WHERE DOES YOUR JOB APPLICATION GO AFTER YOU SUBMIT IT?
So you discovered this perfect dream job that just you. It fits like a hand in a glove. You spend hours poring over your resume trying out first one and then another format to make absolutely sure that the hiring manager sees at first glance how perfect you are for the role. Then you attach it to a carefully drafted cover email and send it off into cyberspace.
Poof! Its lost.
What happened? Most likely a job application tracking system – popularly known as ATS – rejected your CV.
What are Application Tracking Systems?
Think about it there are thousands, lakhs and even millions of applications for a single job. Selecting one out of that crowd is a daunting prospect so recruiters rely on technology to help them.
An ATS or Application Tracking System is a software that performs routine tasks like sorting scanning and ranking resumes and job applications – eventually presenting only the closest fits to the recruiter for consideration. Almost all big organizations have been using ATS for a while to aid the recruitment process. It is now a common practice even among startups, SMEs, and even freelancers.
Why does ATS Reject your Resume?
An ATS is essentially a scanning tool. It works for a recruiter. So it will work as per the instructions of the recruiter.
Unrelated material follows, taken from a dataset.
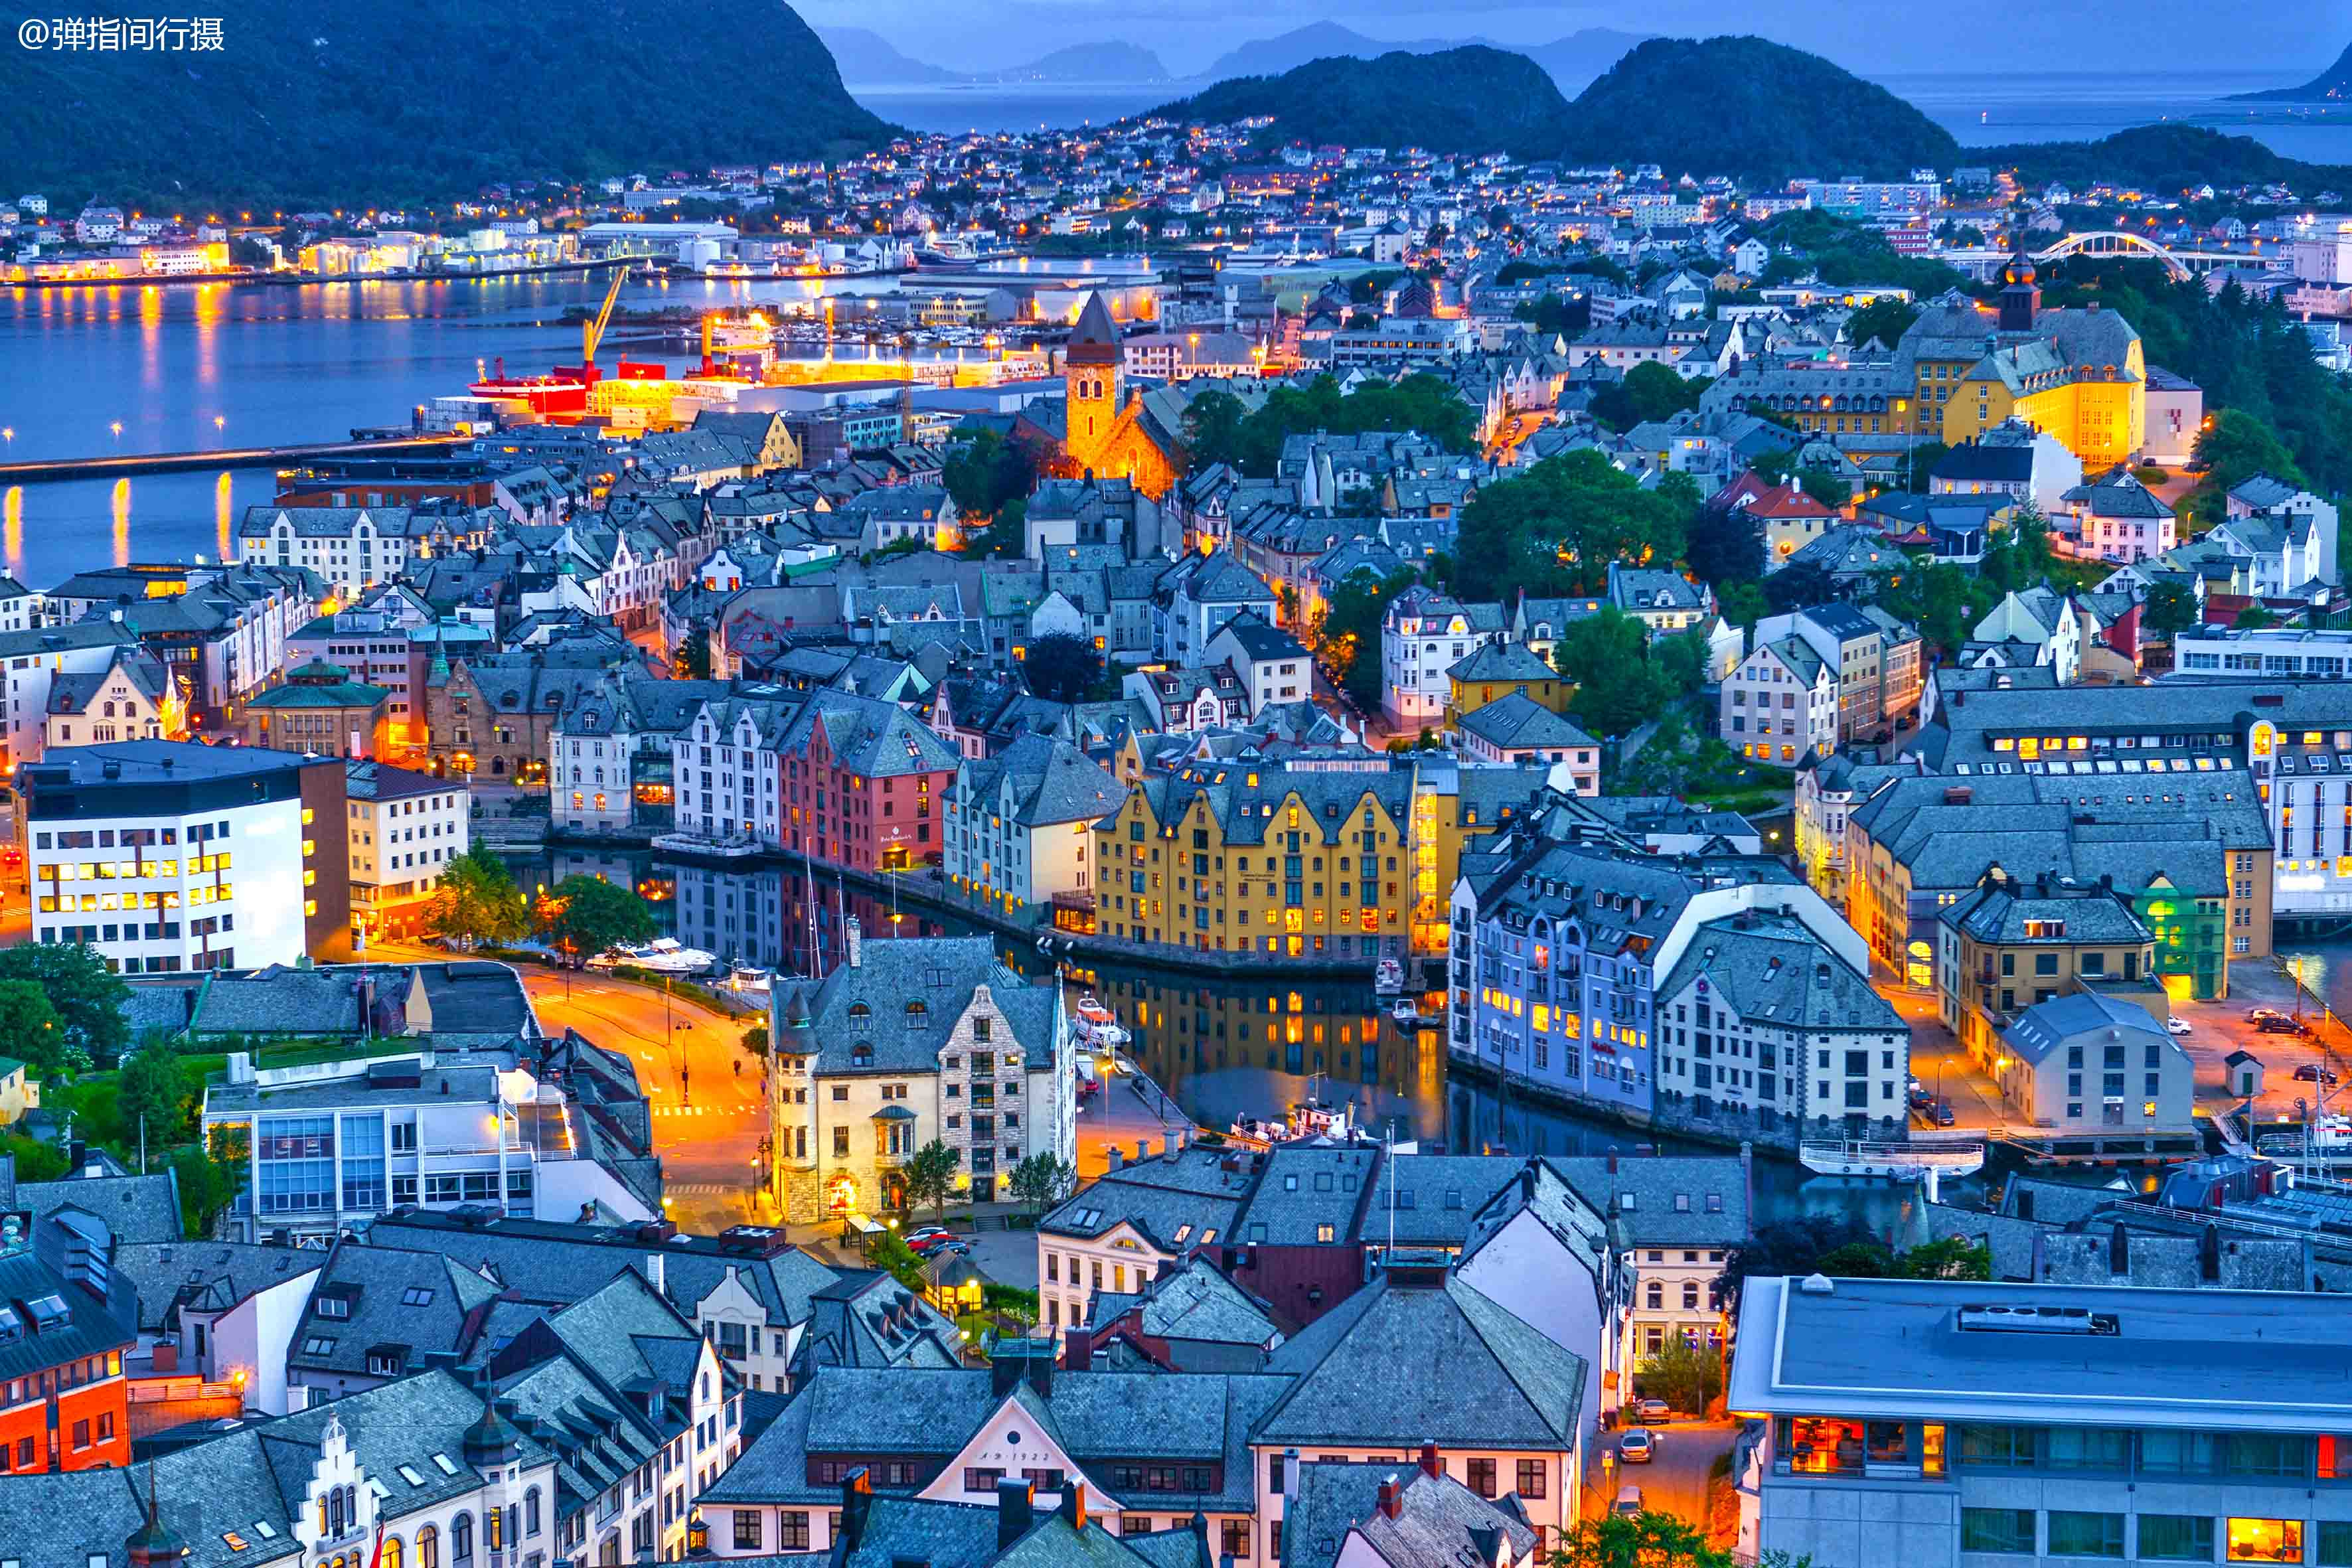 挪威传奇小城,火灾重建后颜值飙升,城市建筑美如童话世界

While each ATS works differently, in general ATSs scan applications and resumes for specific keywords provided the recruiter. The entire application is categorized and each category is searched for select keywords. Based on the category and keywords fed in the ATS determines which resumes should be forwarded to the recruiter and which should be rejected.
If your application does not contain the right keywords or worse is not “scannable” then you are likely to be tossed out even if you truly are the best fit for the role. Conversely, an ATS can potentially present the least qualified candidate up for consideration simply because the application contained the expected keywords. These are of course extremes but it is important to ensure that your resume passes this first basic test to get to the next stage.
So how do you ensure that your CV passes recruitment tracking systems? Or rather how to write an ATS compliant resume? Here are some tips –
Most ATSs specify the compatible file types. If this is the case, go ahead and choose. But if nothing is specified – an MS-Word file in .doc or .docx format is your best bet. Plain text – .txt – files work too but they do not have the greatest formatting options which means when your CV eventually lands on a desk – or desktop – it may not look too appealing or readable.
With Word Docs you can create a great looking ATS friendly resume that is appealing to both bots and humans.
AVOID HEADERS AND FOOTERS
No not completely – but save them for general routine details like your name, email, and contact number – which will be needed later. ATSs rarely scan the header and footer of your document. So put all those great skillsets and qualifications in the main body. Remember though, that if the recruiter has specifically asked the ATS to scan for contact details you are still likely to be trashed.
IMAGES AND CHARTS
You have a photogenic face and a great profile picture and you want to put it on your resume. Do it by all means if it boosts your confidence or fans your ego – but remember the bot will either ignore it completely or turn it into so much junk and gibberish. Same goes for any other images and charts you may want to showcase. We’re not saying you should not use them at all. It’s perfectly ok to put your profile pic at the bottom of your CV for recruiters to see. But let the ATS scan the relevant details first.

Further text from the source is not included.